◆ **Requirement**
Transcribe the listing that follows in full, omitting pictures.

◆ **Stored data**

"""

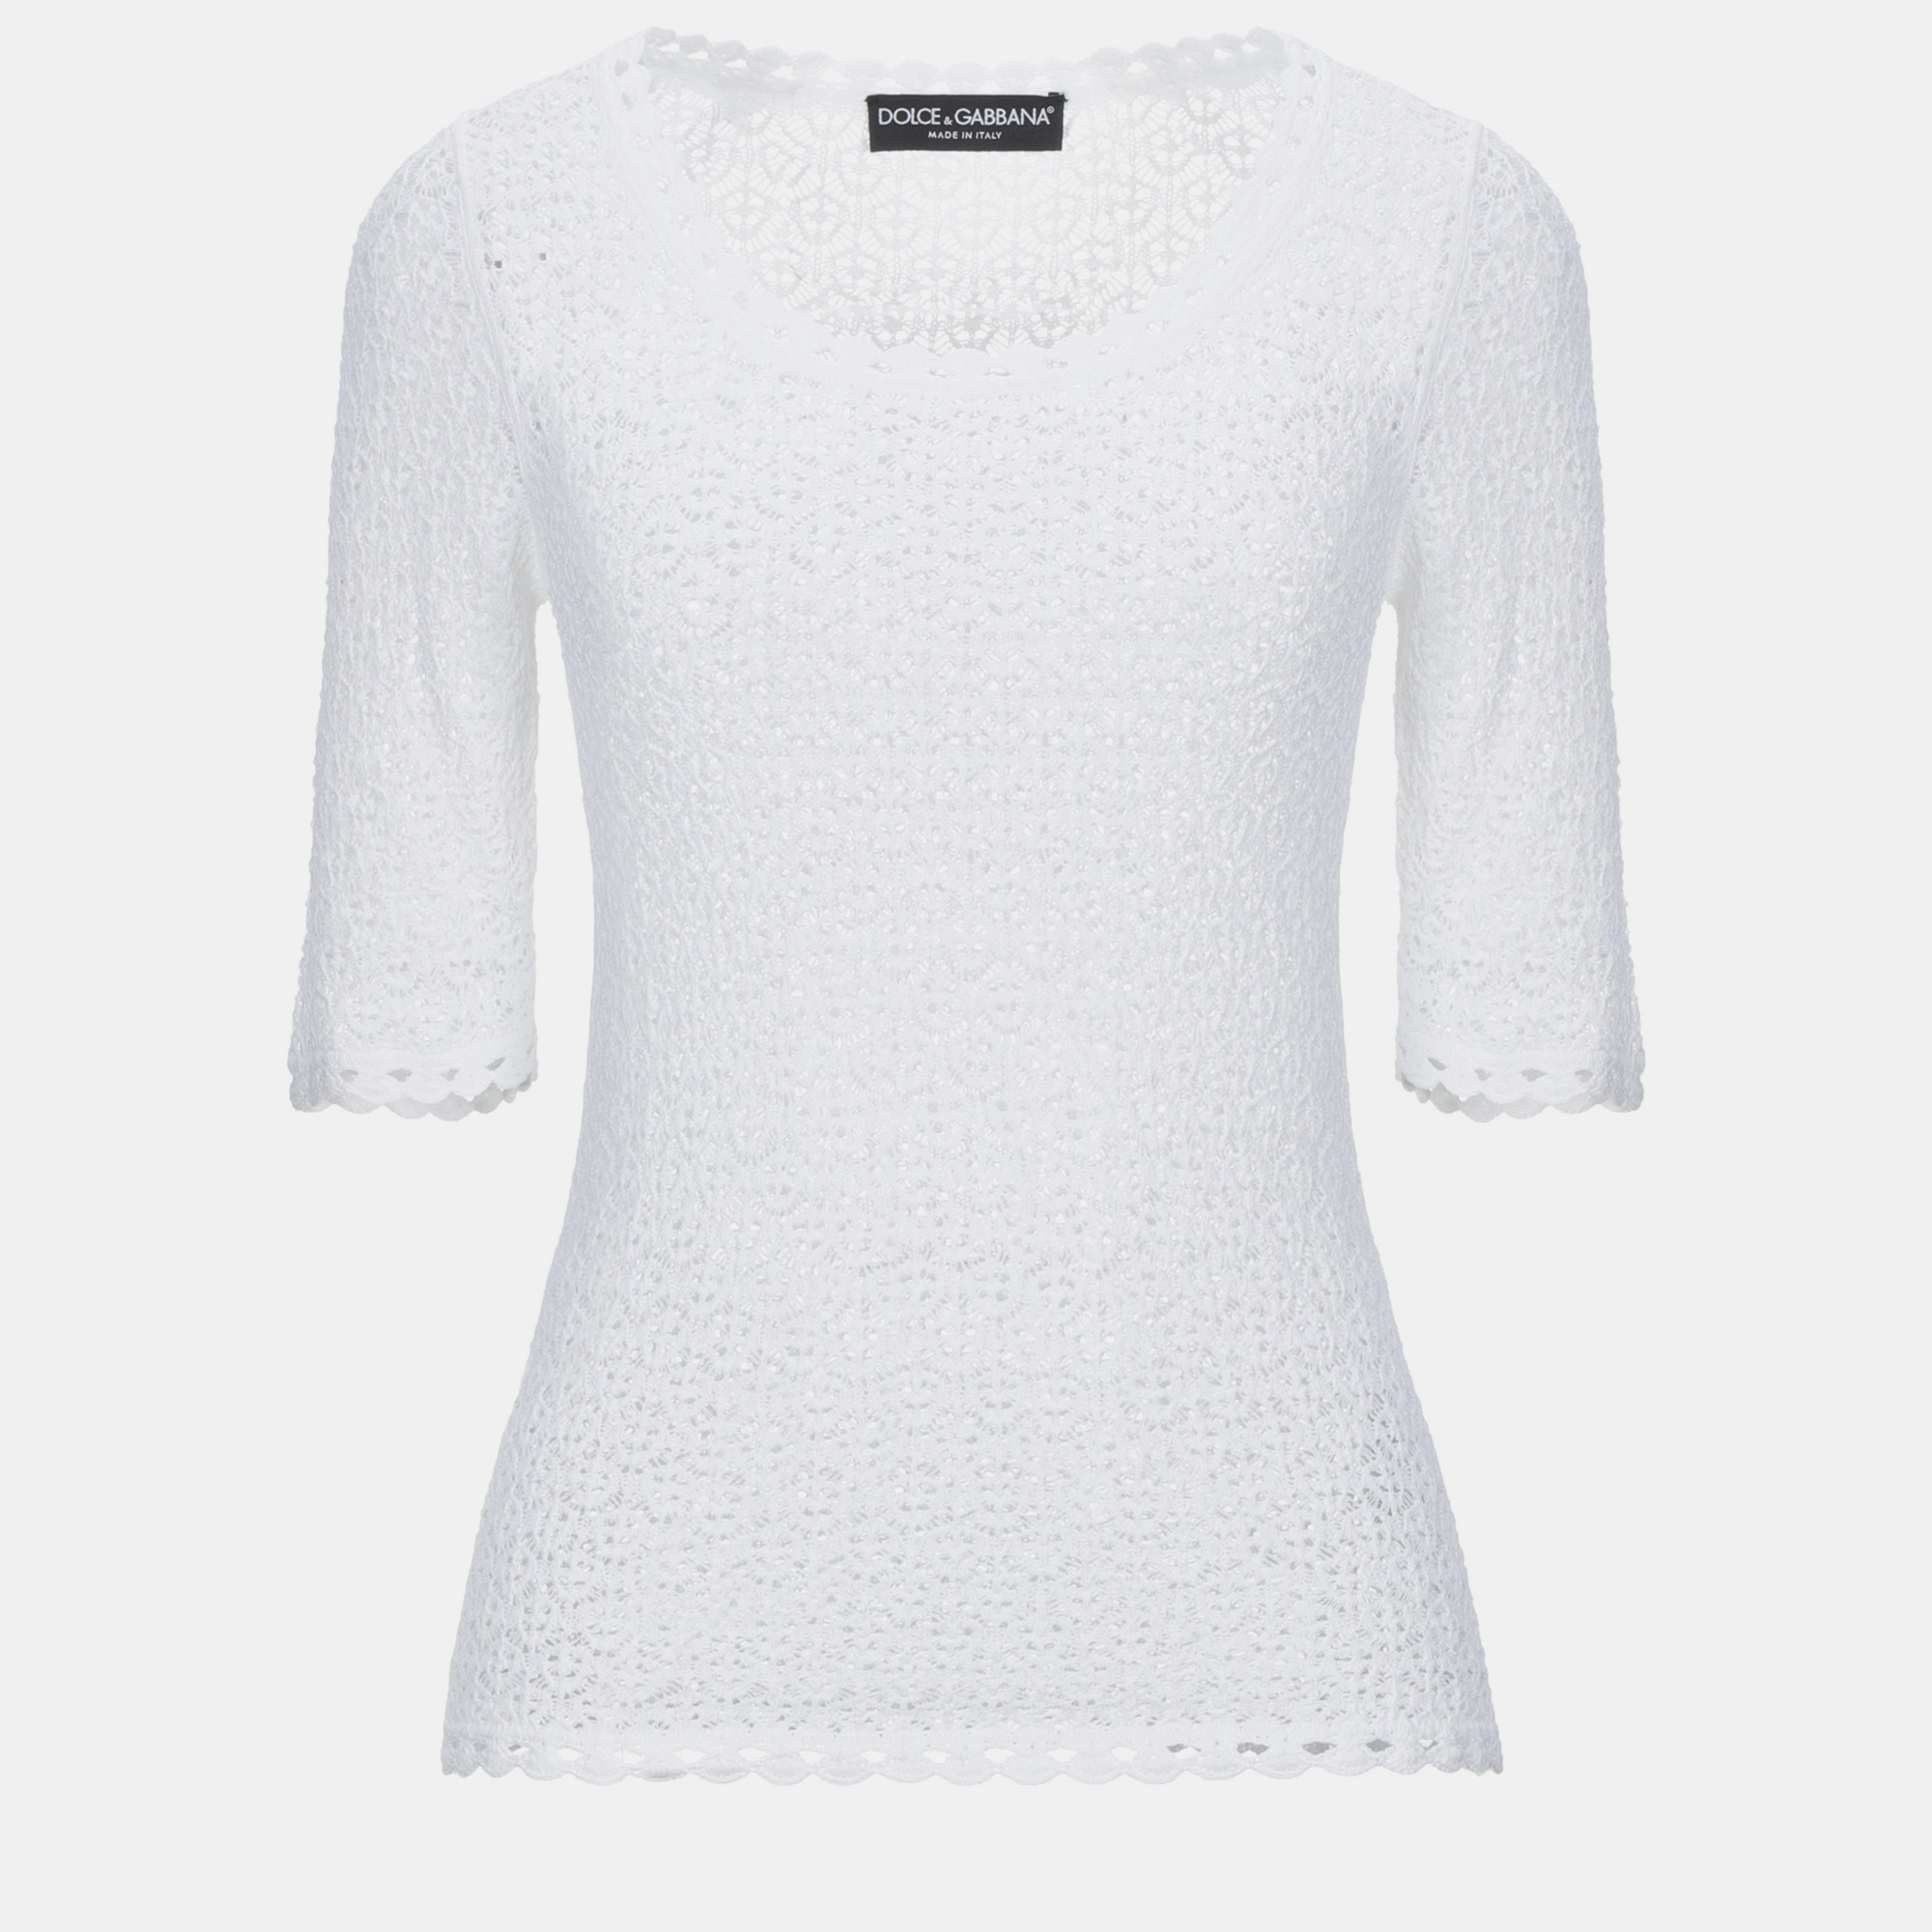 

Dolce & Gabbana Viscose Sweater IT 40, White
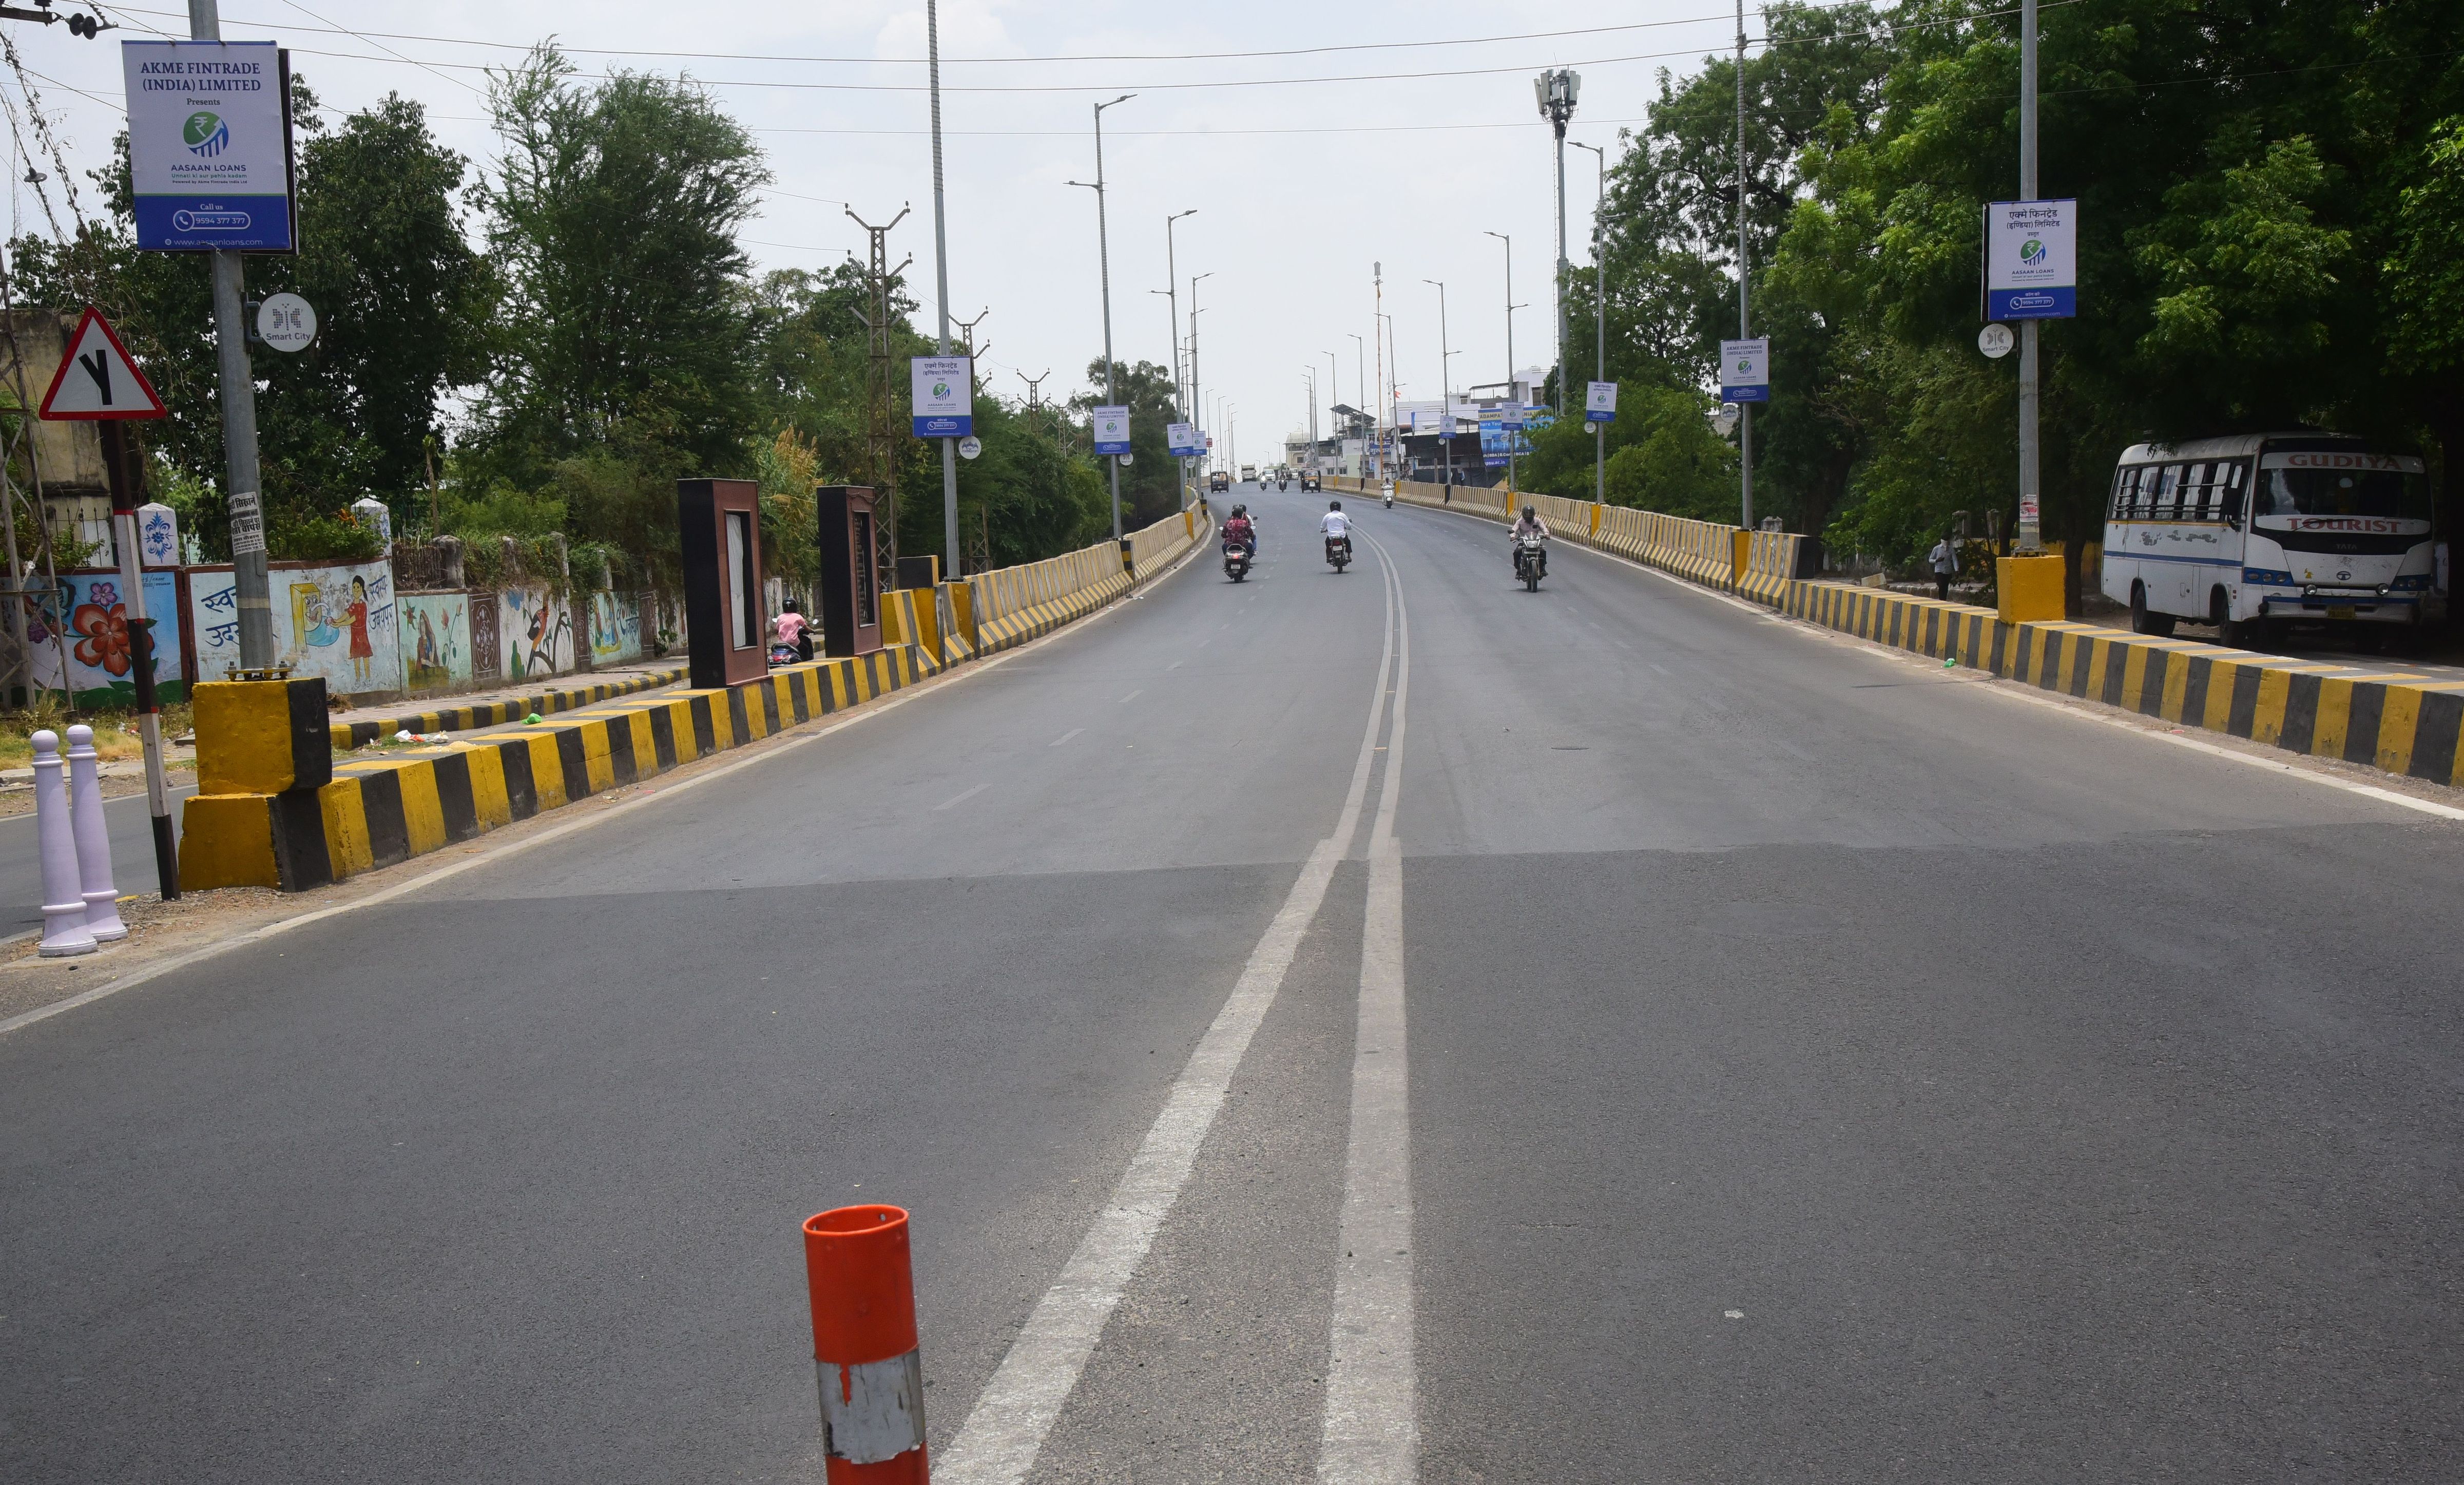 उदयपुर में 44 डिग्री के करीब तापमान रहा इस दौरान दोपहर में सड़कों पर सन्नाटा
छाया रहा।

"""

◆ **Expected output**
Dolce & Gabbana Viscose Sweater IT 40, White
 उदयपुर में 44 डिग्री के करीब तापमान रहा इस दौरान दोपहर में सड़कों पर सन्नाटा
छाया रहा।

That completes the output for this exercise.